Zoé Schweitzer is Maître de conferences at Saint-Etienne University since 2009. Her PhD in comparative literature was dedicated to the different Medea written for stage from Renaissance to Enlightenment (Sorbonne University, 2006), she published several articles on this subject and a translation in French from a rare Italian Medea written by Maffeo Galladei (1558). Her researches are about tragic theatre from this period and late XXth century.
Abstract
According to mythologists as well as famous Latin theoretician Horace, Medea is defined by the infanticide accomplished before leaving Corinth and this episode should not be changed unless a risk of lacking verisimilitude. But at the same time, according to social and psychological verisimilitude, motherhood and inner maternal love forbid a mother to accomplish anything against her child(ren). These requirements may seem incompatible and nevertheless Medea never had such an important success on European stage than during this period. How can Medea still be Medea?

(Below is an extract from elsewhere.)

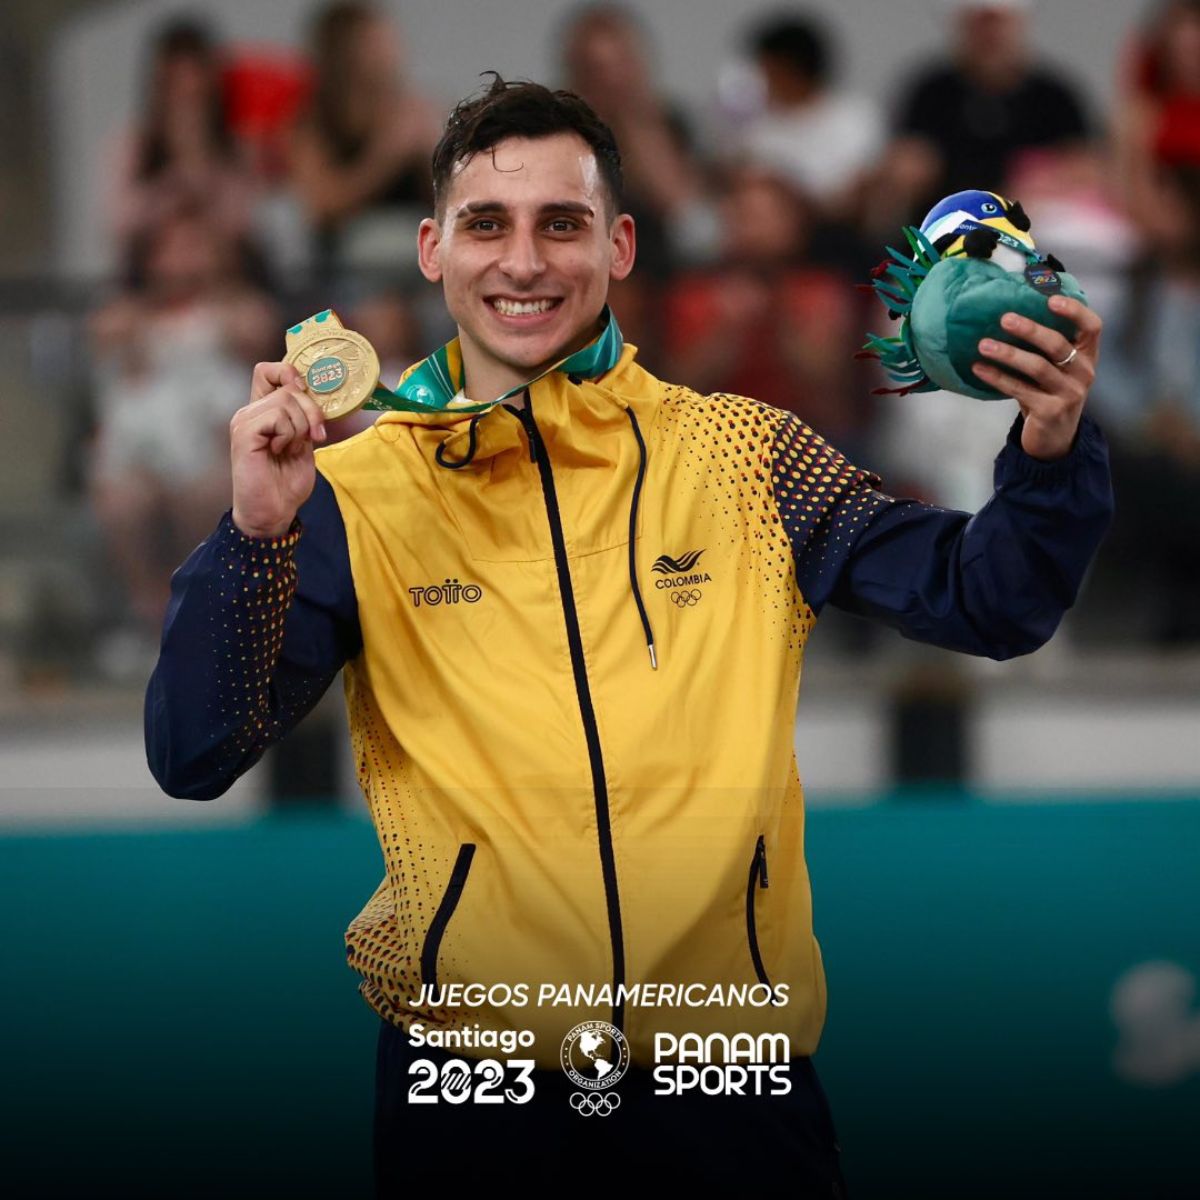 Ángel Hernández Panamericanos 2023 - La historia de Ángel Hernández, el español que representó a Colombia en el trampolín en París 2024

I would like to answer this question by analyzing different solutions imagined by European playwrights (English, French and Italian) and commentaries made by Latin and Greek Translators from this period, crossing different approaches (gender, comparatist in particular). My hypothesis is that even if violence is reduced, sometimes apparently evacuated, to satisfy this double – and contradictory – conception of verisimilitude by ingenious theatrical solutions, another form of violence may appear, more discreet, and maybe also more disturbing than the former one (Glover, Coupé).